▶ **TASK ITEM**
Please output the section of the listing below that opens with the line containing "Repair Parts For" and closes with the line containing "pfarrkirche st. mauritius", exactly and with nothing else.

[[ PROVIDED INFORMATION, beginning ]]

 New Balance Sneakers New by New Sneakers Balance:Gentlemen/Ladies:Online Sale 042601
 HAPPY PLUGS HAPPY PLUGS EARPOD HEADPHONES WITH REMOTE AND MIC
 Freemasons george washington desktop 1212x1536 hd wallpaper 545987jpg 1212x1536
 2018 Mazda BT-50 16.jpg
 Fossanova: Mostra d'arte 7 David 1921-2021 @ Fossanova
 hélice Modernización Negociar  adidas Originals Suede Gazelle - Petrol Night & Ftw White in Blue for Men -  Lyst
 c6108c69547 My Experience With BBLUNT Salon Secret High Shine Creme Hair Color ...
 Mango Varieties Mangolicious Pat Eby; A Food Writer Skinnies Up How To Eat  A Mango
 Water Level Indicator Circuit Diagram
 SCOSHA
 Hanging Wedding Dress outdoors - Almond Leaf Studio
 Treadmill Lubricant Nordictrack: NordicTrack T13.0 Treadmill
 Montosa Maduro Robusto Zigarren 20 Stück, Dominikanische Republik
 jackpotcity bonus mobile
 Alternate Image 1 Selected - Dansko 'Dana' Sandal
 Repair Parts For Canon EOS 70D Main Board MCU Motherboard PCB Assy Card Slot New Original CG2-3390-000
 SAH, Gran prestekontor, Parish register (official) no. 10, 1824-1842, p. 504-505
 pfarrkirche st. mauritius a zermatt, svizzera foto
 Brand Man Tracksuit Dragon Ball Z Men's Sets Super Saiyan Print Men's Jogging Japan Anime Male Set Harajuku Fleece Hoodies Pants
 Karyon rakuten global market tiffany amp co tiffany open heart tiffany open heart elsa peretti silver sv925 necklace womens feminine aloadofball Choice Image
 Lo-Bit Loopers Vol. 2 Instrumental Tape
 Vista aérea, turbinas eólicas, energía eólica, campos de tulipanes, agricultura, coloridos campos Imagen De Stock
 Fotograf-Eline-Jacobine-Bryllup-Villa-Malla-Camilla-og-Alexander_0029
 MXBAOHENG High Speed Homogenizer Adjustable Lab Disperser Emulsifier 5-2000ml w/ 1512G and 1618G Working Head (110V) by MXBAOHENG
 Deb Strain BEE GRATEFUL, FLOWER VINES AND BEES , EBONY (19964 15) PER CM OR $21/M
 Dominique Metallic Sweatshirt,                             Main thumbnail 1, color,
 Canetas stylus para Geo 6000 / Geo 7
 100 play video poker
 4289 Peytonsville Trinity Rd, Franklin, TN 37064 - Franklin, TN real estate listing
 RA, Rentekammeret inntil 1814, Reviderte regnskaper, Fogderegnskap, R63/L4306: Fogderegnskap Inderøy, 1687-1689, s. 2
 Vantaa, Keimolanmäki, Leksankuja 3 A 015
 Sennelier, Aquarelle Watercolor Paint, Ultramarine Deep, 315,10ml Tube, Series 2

[[ PROVIDED INFORMATION, end ]]

▶ **ANSWER SPACE**
 Repair Parts For Canon EOS 70D Main Board MCU Motherboard PCB Assy Card Slot New Original CG2-3390-000
 SAH, Gran prestekontor, Parish register (official) no. 10, 1824-1842, p. 504-505
 pfarrkirche st. mauritius a zermatt, svizzera foto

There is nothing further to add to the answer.